On Fri, Sep 19, 2008 at 8:34 AM, Daniel Schwen lists@schwen.de wrote:
Unfortunately you are comparing Apples to Apple Orchards. And maybe I wasn't making myself clear enough. Finding common super-categories is actually not the biggest problem. That direction branches less then gowing _down_ in the tree.
[snip]
I just wanted to step up and point out that Daniel Schwen is correct.
I created an example tool sometime back (perhaps some of you remember it?) which provided instant (i.e. like google search, <10ms computation times) results for arbitrary commons category intersections, differences, and unions.
The system worked by taking a dump of the commons categories and treating them like tags and indexing them with a special inverted index which is very good at those kinds of set operations. Because it was using the existing categories the results were not super-useful.
I had hoped that it would spur interest in adopting or changing to some tag system but instead I mostly got people complaining that it didn't pick up subcategories. I pointed that that (1) picking up subcategories is technically infeasible in this kind of fast indexing scheme (imagine you move a huge second level category into another category, now the database must make millions of expensive updates) and that (2) our current system produces utter nonsense if you flatten the categories (a subject I've posted on separately several times).
Mostly (2) got answers suggesting various heuristics like "only traverse N deep", which also fails but in more subtle ways (punishing deep categorization by 'losing' that content, and still producing nonsense results too just less often and less offensively) but most importantly does not solve (1).
I think we've reached a point where many technical people here have thought about this problem for a long time (years in some cases) and over and over again have concluded that we can not have fast lookup/union/intersection/differencing tools for categories *AND* have the tree auto-expanded in the results. If commons were 1/20th its size and not growing at a good rate, then yes, we could. But since the full expanded category tree will not fit in ram even on my 32gbyte system, it just can not work. Categories as a useful lookup tool for users is highly limited for purely technical reasons if nothing else.

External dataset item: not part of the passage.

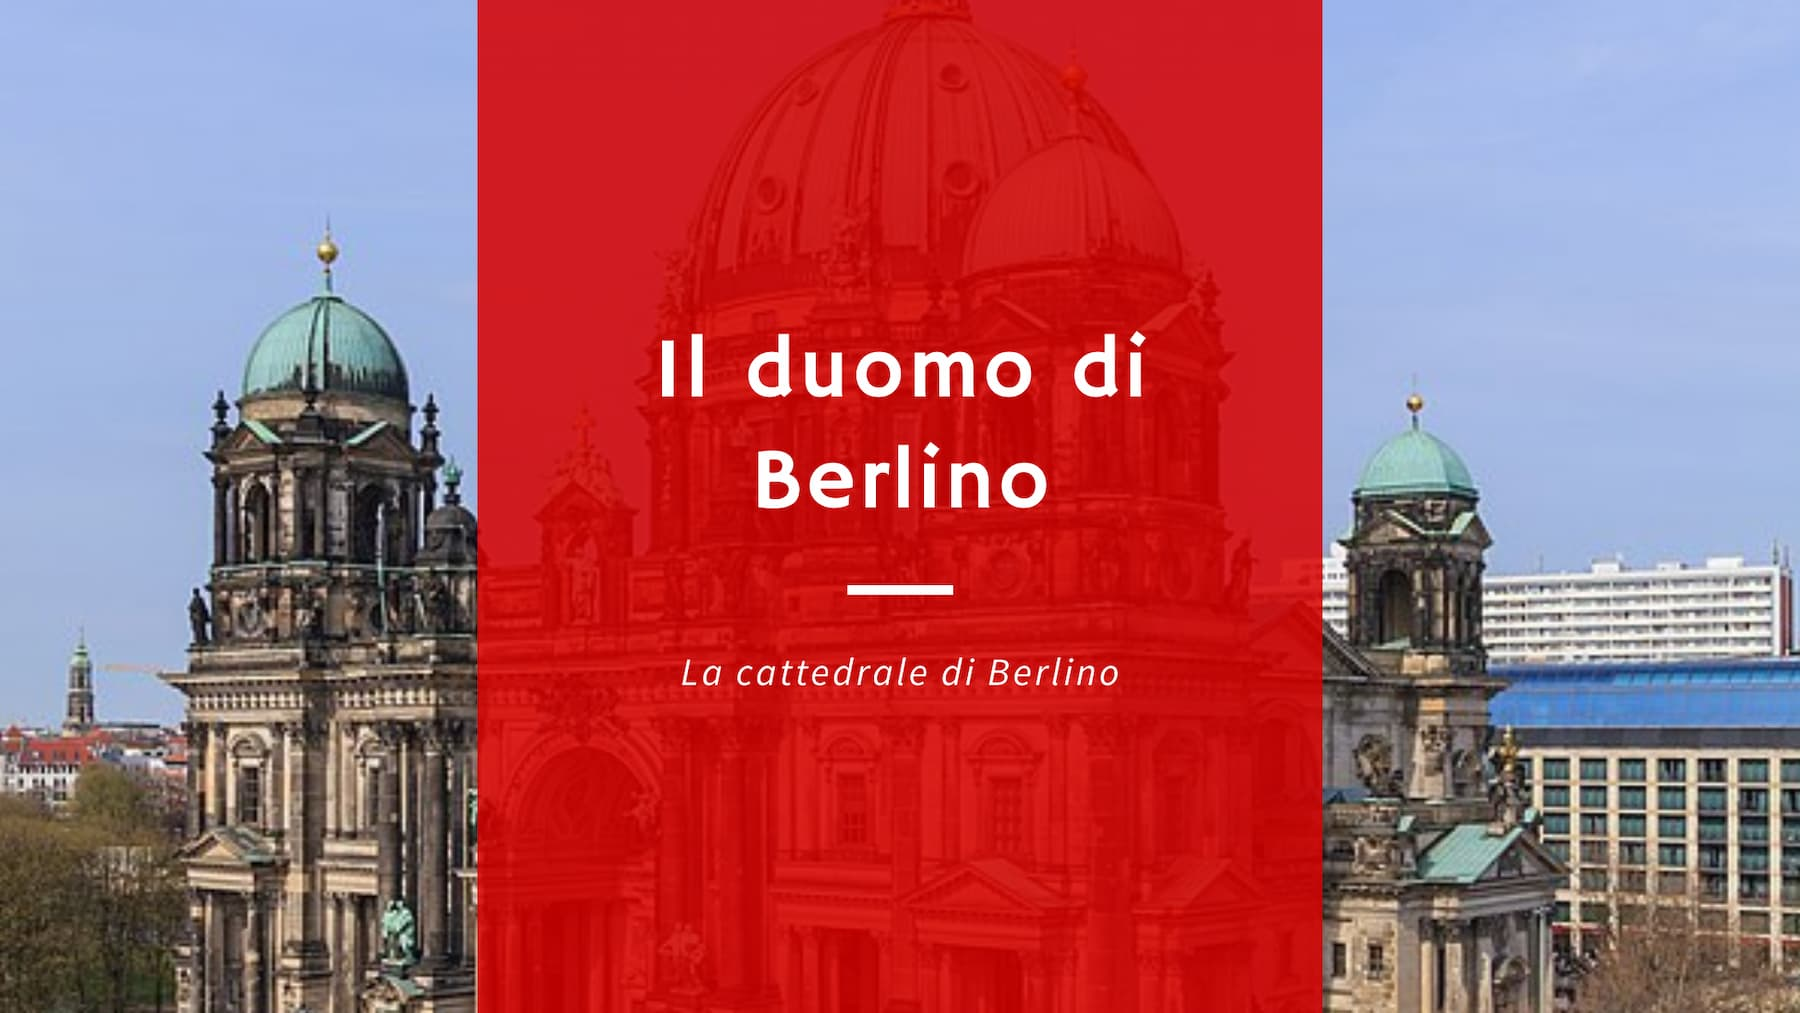 Il duomo di berlino spiegato ai turisti

If there is any technical person here who thinks otherwise, please feel free to engage me in a sidebar conversation and I'll either convince you that you're wrong, or I'll gladly eat crow. Otherwise, we should consider further significant technical improvements to the existing category system to be technically non-viable.
Regardless of the non-technical arguments against categories the above should be sufficient reason for us to adopt a tagging system. Just so we can build really good search tools. It could run in parallel with the category system, as the category system isn't completely worthless and it will take a long time to get tags applied to everything.